Methods: By polymerase chain reaction-restriction fragment length polymorphism (PCR-RFLP), -191G/C SNP in the promoter region of ABCA1 gene was analyzed in 204 patients with CAD and 114 control subjects and the distribution of the -191G/C genotypes compared between the two groups and also between different clinical phenotypes of CAD. The clinical indexes associated with CAD were also compared between the patients with the three genotypes of CAD.

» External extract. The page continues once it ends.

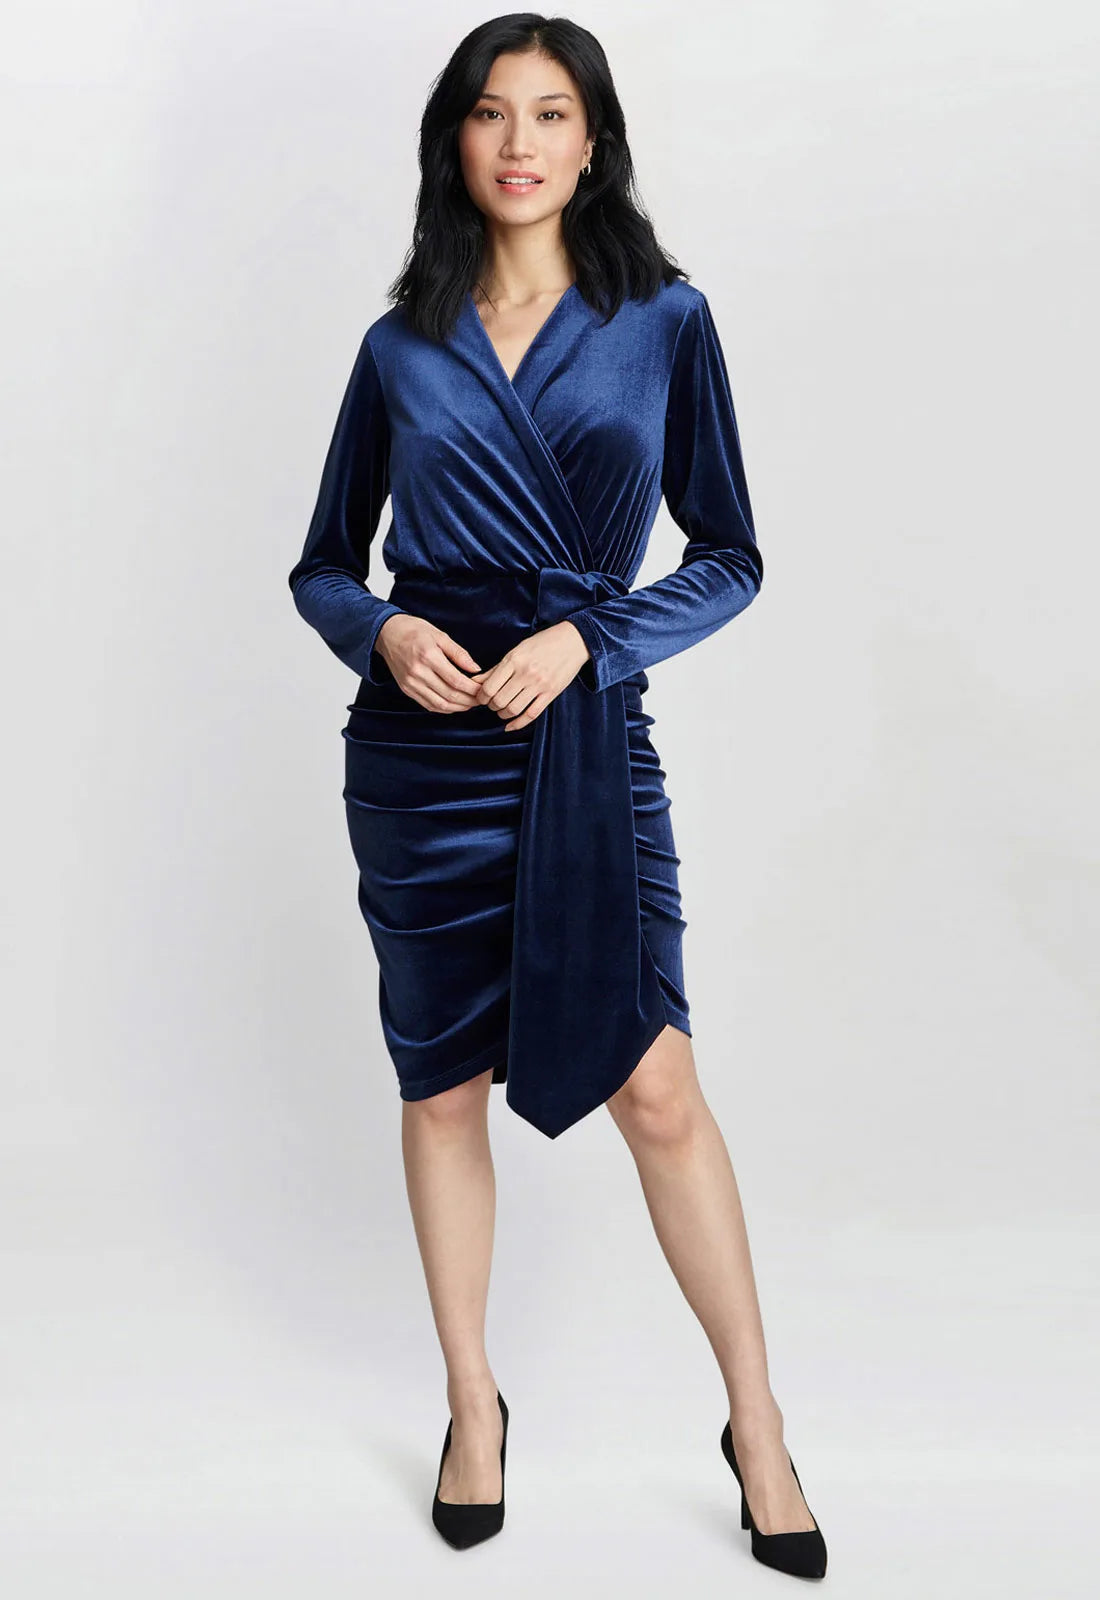 Gina Bacconi Blue Tasha Velvet Dress

Results: The frequency distribution of GG, GC, and CC genotypes significantly differed between CAD group and the control group, and the former group had obvious higher CC genotype frequency and the C allele frequency (P<0.05 and P<0.01, respectively). In CAD patients, the frequency distribution of GG, GC, and CC genotypes varied significantly between those with acute coronary syndrome (ACS) and those with stable angina pectoris (SAP). The CC genotype showed obviously higher frequency in ACS group than in SAP group and the C allele was more frequent in the former group (P<0.05 and P<0.01, respectively). However, no significant difference was noted in the body mass index, total cholesterol, triglyceride, high-density lipoprotein, low-density lipoprotein, or very low-density lipoprotein cholesterols between the three genotypes.
Conclusions: The -191G/C SNP in the promoter region of ABCA1 is associated with increased CAD and the C allele may relate to the stability of CAD without detectable changes in plasma lipids.